| WORK ORDER |
Transcribe the data exactly.

| Stored records |
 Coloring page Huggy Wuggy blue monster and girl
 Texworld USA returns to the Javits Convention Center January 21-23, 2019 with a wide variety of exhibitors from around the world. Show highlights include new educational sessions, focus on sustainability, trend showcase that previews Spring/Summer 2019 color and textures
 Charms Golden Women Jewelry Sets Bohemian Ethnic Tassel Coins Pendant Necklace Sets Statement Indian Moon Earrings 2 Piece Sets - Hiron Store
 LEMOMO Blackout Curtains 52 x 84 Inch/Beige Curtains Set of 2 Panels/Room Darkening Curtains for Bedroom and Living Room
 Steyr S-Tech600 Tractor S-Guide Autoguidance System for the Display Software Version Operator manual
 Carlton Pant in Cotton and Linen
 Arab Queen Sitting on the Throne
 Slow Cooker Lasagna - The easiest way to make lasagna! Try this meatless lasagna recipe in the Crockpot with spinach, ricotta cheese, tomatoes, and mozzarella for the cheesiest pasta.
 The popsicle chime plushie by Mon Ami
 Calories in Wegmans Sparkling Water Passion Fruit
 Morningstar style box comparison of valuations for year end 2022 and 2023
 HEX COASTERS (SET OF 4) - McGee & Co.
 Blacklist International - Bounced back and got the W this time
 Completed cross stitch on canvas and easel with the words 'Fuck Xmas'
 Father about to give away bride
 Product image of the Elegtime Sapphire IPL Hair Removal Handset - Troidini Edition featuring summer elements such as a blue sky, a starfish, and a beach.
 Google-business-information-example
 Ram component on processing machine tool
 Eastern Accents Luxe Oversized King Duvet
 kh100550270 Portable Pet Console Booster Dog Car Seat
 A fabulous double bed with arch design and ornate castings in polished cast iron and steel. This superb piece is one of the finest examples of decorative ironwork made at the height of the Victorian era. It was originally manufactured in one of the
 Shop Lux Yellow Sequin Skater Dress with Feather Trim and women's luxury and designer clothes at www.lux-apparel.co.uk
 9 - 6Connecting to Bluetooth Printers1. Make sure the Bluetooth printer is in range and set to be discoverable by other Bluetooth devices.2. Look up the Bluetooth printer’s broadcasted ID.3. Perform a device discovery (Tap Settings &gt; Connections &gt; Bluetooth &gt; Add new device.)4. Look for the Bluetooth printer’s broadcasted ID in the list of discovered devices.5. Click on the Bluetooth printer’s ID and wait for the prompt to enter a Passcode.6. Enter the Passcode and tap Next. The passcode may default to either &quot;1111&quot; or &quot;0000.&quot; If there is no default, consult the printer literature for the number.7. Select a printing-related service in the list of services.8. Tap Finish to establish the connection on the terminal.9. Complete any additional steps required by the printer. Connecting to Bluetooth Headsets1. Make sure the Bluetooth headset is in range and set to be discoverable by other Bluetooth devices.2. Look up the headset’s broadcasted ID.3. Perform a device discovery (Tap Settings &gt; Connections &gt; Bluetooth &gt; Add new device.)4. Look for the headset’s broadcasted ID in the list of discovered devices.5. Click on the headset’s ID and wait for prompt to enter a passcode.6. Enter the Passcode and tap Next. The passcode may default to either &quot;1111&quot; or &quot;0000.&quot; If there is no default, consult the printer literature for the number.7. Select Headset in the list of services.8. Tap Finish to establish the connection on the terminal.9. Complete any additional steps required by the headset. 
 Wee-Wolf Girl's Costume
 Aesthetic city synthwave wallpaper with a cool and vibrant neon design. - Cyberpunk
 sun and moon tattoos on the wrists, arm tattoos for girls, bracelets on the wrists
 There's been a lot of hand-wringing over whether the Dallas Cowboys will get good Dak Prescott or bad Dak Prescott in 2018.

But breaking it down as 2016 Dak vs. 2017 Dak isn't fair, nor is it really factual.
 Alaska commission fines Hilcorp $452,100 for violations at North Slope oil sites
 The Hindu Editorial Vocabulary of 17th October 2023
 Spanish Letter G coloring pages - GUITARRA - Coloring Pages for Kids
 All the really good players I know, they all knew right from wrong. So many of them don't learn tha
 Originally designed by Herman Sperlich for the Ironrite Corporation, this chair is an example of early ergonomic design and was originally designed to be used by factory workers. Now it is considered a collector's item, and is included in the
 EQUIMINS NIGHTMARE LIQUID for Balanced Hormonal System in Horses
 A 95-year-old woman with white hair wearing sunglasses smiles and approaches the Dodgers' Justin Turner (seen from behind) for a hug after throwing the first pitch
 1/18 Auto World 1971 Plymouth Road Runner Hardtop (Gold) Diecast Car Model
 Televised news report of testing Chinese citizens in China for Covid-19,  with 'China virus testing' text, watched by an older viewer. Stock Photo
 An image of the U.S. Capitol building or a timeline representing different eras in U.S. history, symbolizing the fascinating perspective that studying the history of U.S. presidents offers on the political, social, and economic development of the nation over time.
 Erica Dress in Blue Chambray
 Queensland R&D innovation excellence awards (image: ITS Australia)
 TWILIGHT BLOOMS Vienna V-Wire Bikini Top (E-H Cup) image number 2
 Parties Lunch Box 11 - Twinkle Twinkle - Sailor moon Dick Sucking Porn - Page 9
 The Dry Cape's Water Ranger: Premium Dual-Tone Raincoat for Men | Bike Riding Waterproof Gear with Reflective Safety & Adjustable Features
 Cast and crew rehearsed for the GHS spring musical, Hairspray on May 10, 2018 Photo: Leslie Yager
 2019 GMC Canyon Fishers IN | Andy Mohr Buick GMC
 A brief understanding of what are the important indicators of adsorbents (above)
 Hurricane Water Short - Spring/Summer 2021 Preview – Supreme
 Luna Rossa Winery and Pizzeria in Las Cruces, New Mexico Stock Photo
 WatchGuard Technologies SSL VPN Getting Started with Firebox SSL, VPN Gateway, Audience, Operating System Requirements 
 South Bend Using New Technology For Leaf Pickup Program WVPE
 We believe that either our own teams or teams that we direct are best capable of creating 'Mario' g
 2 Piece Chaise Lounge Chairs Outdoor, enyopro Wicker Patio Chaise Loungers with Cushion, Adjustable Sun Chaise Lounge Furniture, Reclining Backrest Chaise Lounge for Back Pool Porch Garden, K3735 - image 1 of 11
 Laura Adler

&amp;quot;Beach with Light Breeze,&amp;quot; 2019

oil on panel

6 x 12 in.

| TASK RESULT |
 Coloring page Huggy Wuggy blue monster and girl
 Texworld USA returns to the Javits Convention Center January 21-23, 2019 with a wide variety of exhibitors from around the world. Show highlights include new educational sessions, focus on sustainability, trend showcase that previews Spring/Summer 2019 color and textures
 Charms Golden Women Jewelry Sets Bohemian Ethnic Tassel Coins Pendant Necklace Sets Statement Indian Moon Earrings 2 Piece Sets - Hiron Store
 LEMOMO Blackout Curtains 52 x 84 Inch/Beige Curtains Set of 2 Panels/Room Darkening Curtains for Bedroom and Living Room
 Steyr S-Tech600 Tractor S-Guide Autoguidance System for the Display Software Version Operator manual
 Carlton Pant in Cotton and Linen
 Arab Queen Sitting on the Throne
 Slow Cooker Lasagna - The easiest way to make lasagna! Try this meatless lasagna recipe in the Crockpot with spinach, ricotta cheese, tomatoes, and mozzarella for the cheesiest pasta.
 The popsicle chime plushie by Mon Ami
 Calories in Wegmans Sparkling Water Passion Fruit
 Morningstar style box comparison of valuations for year end 2022 and 2023
 HEX COASTERS (SET OF 4) - McGee & Co.
 Blacklist International - Bounced back and got the W this time
 Completed cross stitch on canvas and easel with the words 'Fuck Xmas'
 Father about to give away bride
 Product image of the Elegtime Sapphire IPL Hair Removal Handset - Troidini Edition featuring summer elements such as a blue sky, a starfish, and a beach.
 Google-business-information-example
 Ram component on processing machine tool
 Eastern Accents Luxe Oversized King Duvet
 kh100550270 Portable Pet Console Booster Dog Car Seat
 A fabulous double bed with arch design and ornate castings in polished cast iron and steel. This superb piece is one of the finest examples of decorative ironwork made at the height of the Victorian era. It was originally manufactured in one of the
 Shop Lux Yellow Sequin Skater Dress with Feather Trim and women's luxury and designer clothes at www.lux-apparel.co.uk
 9 - 6Connecting to Bluetooth Printers1. Make sure the Bluetooth printer is in range and set to be discoverable by other Bluetooth devices.2. Look up the Bluetooth printer’s broadcasted ID.3. Perform a device discovery (Tap Settings &gt; Connections &gt; Bluetooth &gt; Add new device.)4. Look for the Bluetooth printer’s broadcasted ID in the list of discovered devices.5. Click on the Bluetooth printer’s ID and wait for the prompt to enter a Passcode.6. Enter the Passcode and tap Next. The passcode may default to either &quot;1111&quot; or &quot;0000.&quot; If there is no default, consult the printer literature for the number.7. Select a printing-related service in the list of services.8. Tap Finish to establish the connection on the terminal.9. Complete any additional steps required by the printer. Connecting to Bluetooth Headsets1. Make sure the Bluetooth headset is in range and set to be discoverable by other Bluetooth devices.2. Look up the headset’s broadcasted ID.3. Perform a device discovery (Tap Settings &gt; Connections &gt; Bluetooth &gt; Add new device.)4. Look for the headset’s broadcasted ID in the list of discovered devices.5. Click on the headset’s ID and wait for prompt to enter a passcode.6. Enter the Passcode and tap Next. The passcode may default to either &quot;1111&quot; or &quot;0000.&quot; If there is no default, consult the printer literature for the number.7. Select Headset in the list of services.8. Tap Finish to establish the connection on the terminal.9. Complete any additional steps required by the headset. 
 Wee-Wolf Girl's Costume
 Aesthetic city synthwave wallpaper with a cool and vibrant neon design. - Cyberpunk
 sun and moon tattoos on the wrists, arm tattoos for girls, bracelets on the wrists
 There's been a lot of hand-wringing over whether the Dallas Cowboys will get good Dak Prescott or bad Dak Prescott in 2018.

But breaking it down as 2016 Dak vs. 2017 Dak isn't fair, nor is it really factual.
 Alaska commission fines Hilcorp $452,100 for violations at North Slope oil sites
 The Hindu Editorial Vocabulary of 17th October 2023
 Spanish Letter G coloring pages - GUITARRA - Coloring Pages for Kids
 All the really good players I know, they all knew right from wrong. So many of them don't learn tha
 Originally designed by Herman Sperlich for the Ironrite Corporation, this chair is an example of early ergonomic design and was originally designed to be used by factory workers. Now it is considered a collector's item, and is included in the
 EQUIMINS NIGHTMARE LIQUID for Balanced Hormonal System in Horses
 A 95-year-old woman with white hair wearing sunglasses smiles and approaches the Dodgers' Justin Turner (seen from behind) for a hug after throwing the first pitch
 1/18 Auto World 1971 Plymouth Road Runner Hardtop (Gold) Diecast Car Model
 Televised news report of testing Chinese citizens in China for Covid-19,  with 'China virus testing' text, watched by an older viewer. Stock Photo
 An image of the U.S. Capitol building or a timeline representing different eras in U.S. history, symbolizing the fascinating perspective that studying the history of U.S. presidents offers on the political, social, and economic development of the nation over time.
 Erica Dress in Blue Chambray
 Queensland R&D innovation excellence awards (image: ITS Australia)
 TWILIGHT BLOOMS Vienna V-Wire Bikini Top (E-H Cup) image number 2
 Parties Lunch Box 11 - Twinkle Twinkle - Sailor moon Dick Sucking Porn - Page 9
 The Dry Cape's Water Ranger: Premium Dual-Tone Raincoat for Men | Bike Riding Waterproof Gear with Reflective Safety & Adjustable Features
 Cast and crew rehearsed for the GHS spring musical, Hairspray on May 10, 2018 Photo: Leslie Yager
 2019 GMC Canyon Fishers IN | Andy Mohr Buick GMC
 A brief understanding of what are the important indicators of adsorbents (above)
 Hurricane Water Short - Spring/Summer 2021 Preview – Supreme
 Luna Rossa Winery and Pizzeria in Las Cruces, New Mexico Stock Photo
 WatchGuard Technologies SSL VPN Getting Started with Firebox SSL, VPN Gateway, Audience, Operating System Requirements 
 South Bend Using New Technology For Leaf Pickup Program WVPE
 We believe that either our own teams or teams that we direct are best capable of creating 'Mario' g
 2 Piece Chaise Lounge Chairs Outdoor, enyopro Wicker Patio Chaise Loungers with Cushion, Adjustable Sun Chaise Lounge Furniture, Reclining Backrest Chaise Lounge for Back Pool Porch Garden, K3735 - image 1 of 11
 Laura Adler

&amp;quot;Beach with Light Breeze,&amp;quot; 2019

oil on panel

6 x 12 in.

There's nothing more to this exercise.